Posted on: October 16, 2023

Burrito
Verified ownerGames: 1491 Reviews: 47
Frictional takes on Survival Horror
The 'Amnesia' series taught us to expect cycles of rising tension, punctuated by periods of either relief or a monster showing up to wreck our day. 'Dark Descent' and 'Rebirth' avoided just being excellent walking simulators by virtue of some lite strategy surrounding light control. In 'The Bunker', I got murdered, from full health, in a calm moment, when I stood next to a hole The Hunter happened to check. It happened shortly after that again, in a different place, because I wasn't checking my six often enough... again in a moment I thought was safe. In total I died forty-some times in my playthrough, and each one was a combination of my own fault and The Hunter's excellent, not-giving-any-chances predatory skills.
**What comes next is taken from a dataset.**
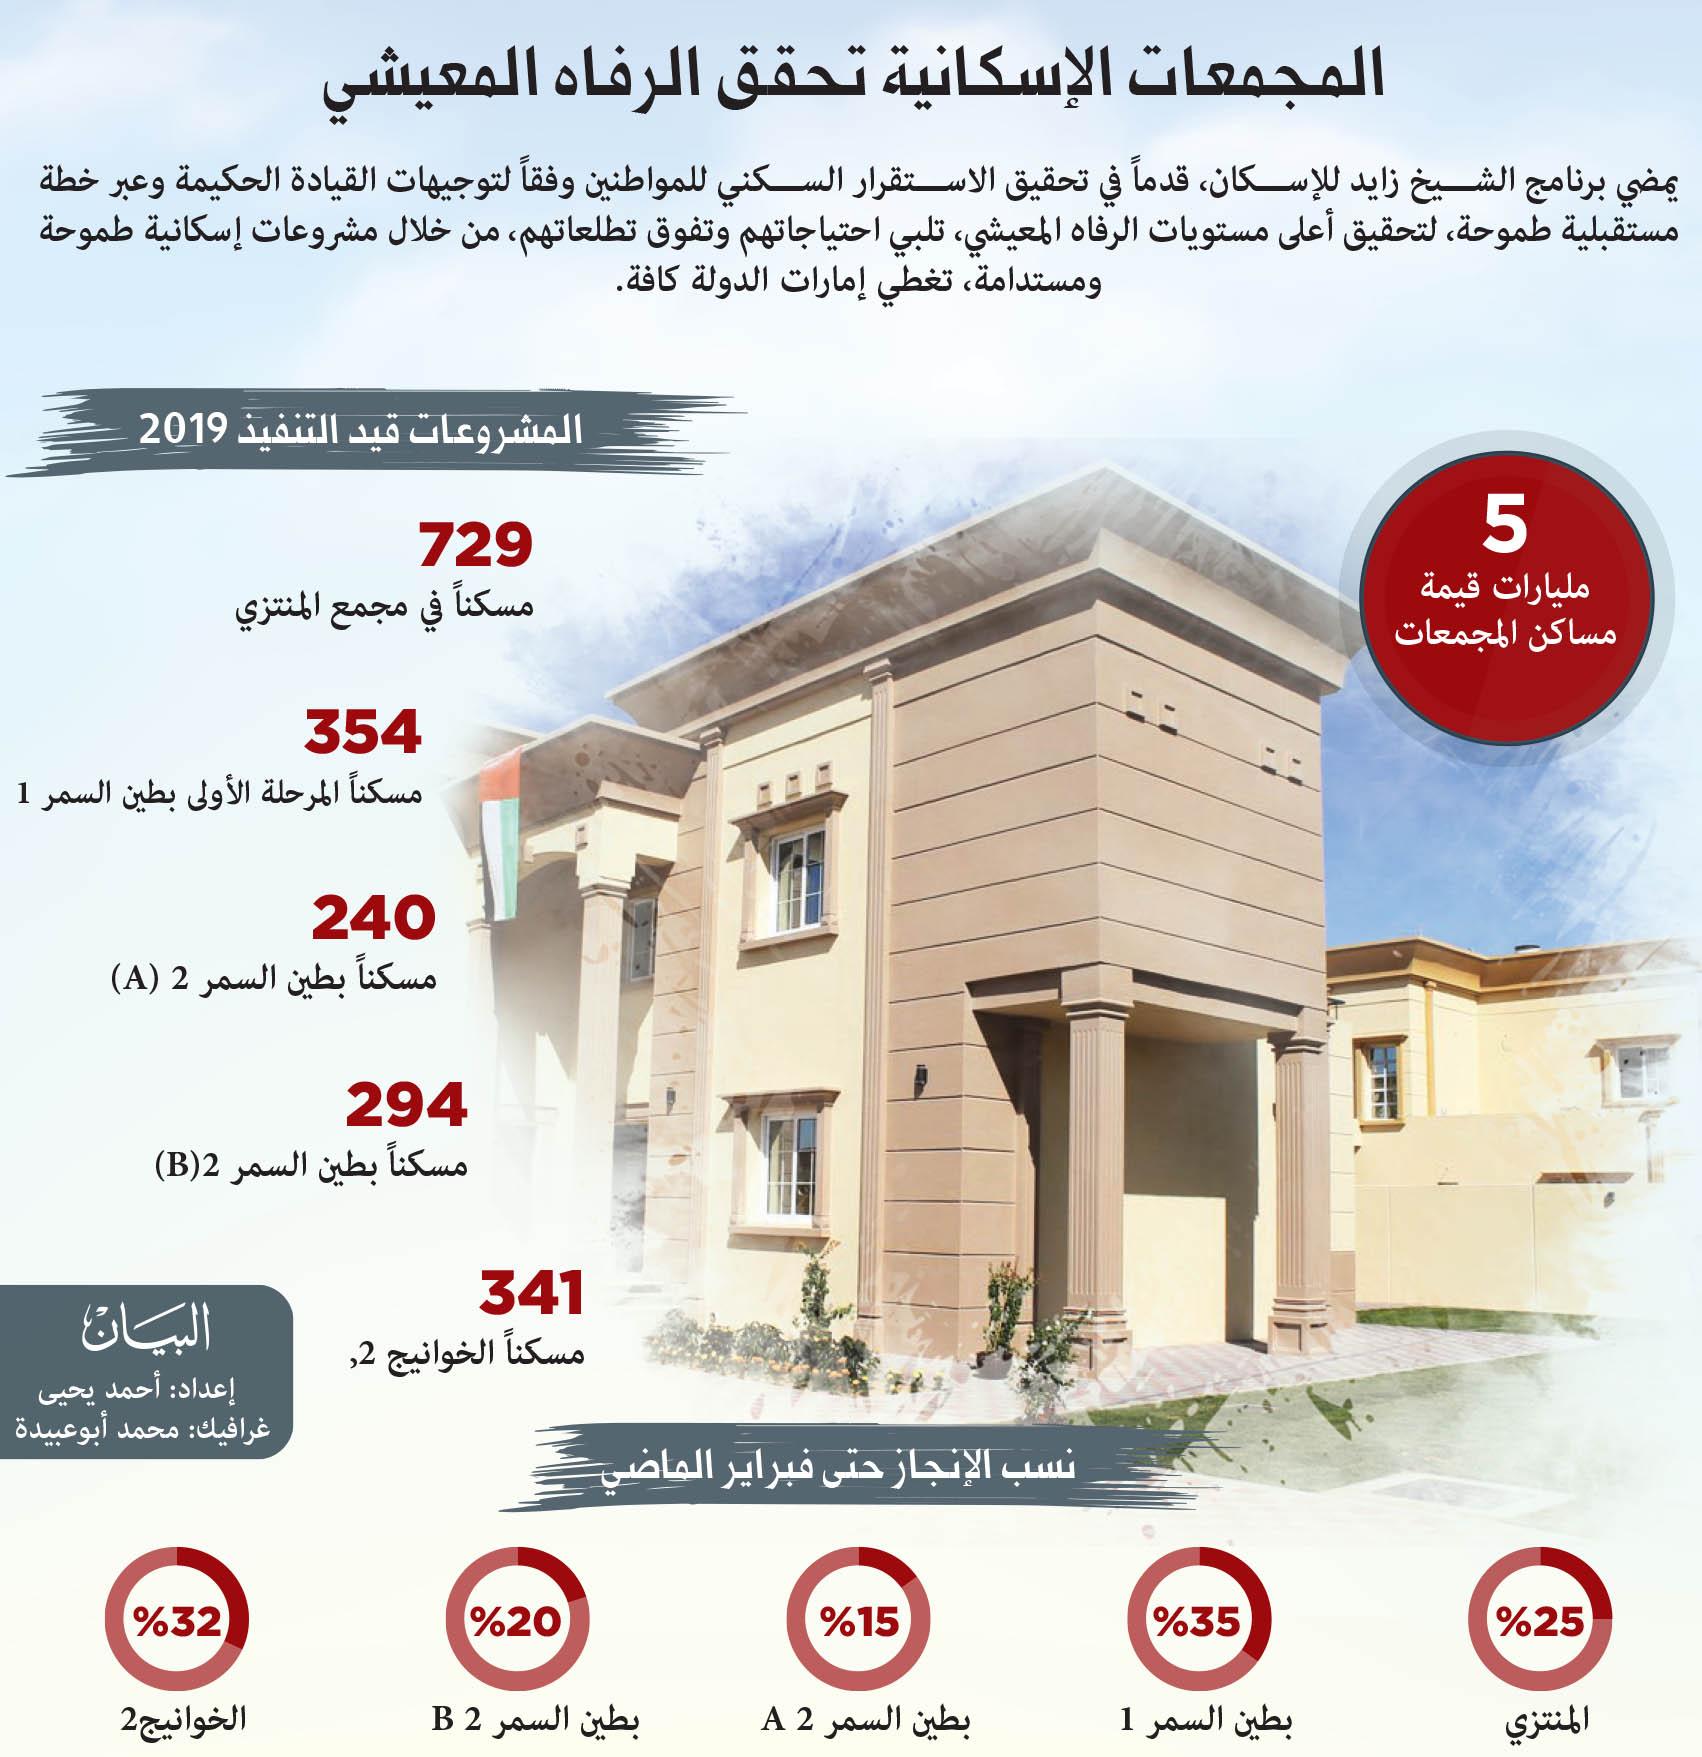 10 مشروعات ينفذها زايد للإسكان حتى 2025 عبر الإمارات أخبار

If the other games have tension meters that look like capacitor discharge graphs, all escalating buildup and release, 'The Bunker' is a flatline running near the top of the chart. There's one place the player can feel relatively safe, with the tools they need to plan out what to do next and what resources to commit to the next leg of their almost entirely self-directed mission, but the player may spend 5% of their time there. As soon as they unlock the door, before they even step out of the 'safe' room, all bets are off. The bunker itself is heavily Jaquayed with some lite tool-based Metrovania area locks. It's not an A-to-B-to-C affair, there are navigational options. You get to learn your procedurally generated purgatory well enough to sprint it in the dark. And sometimes you will. Heavily recommended. It takes what worked already and tweaks it into a familiar yet new set of scares. Doesn't render The Dark Descent obsolete... but The Dark Descent couldn't replace this one, either.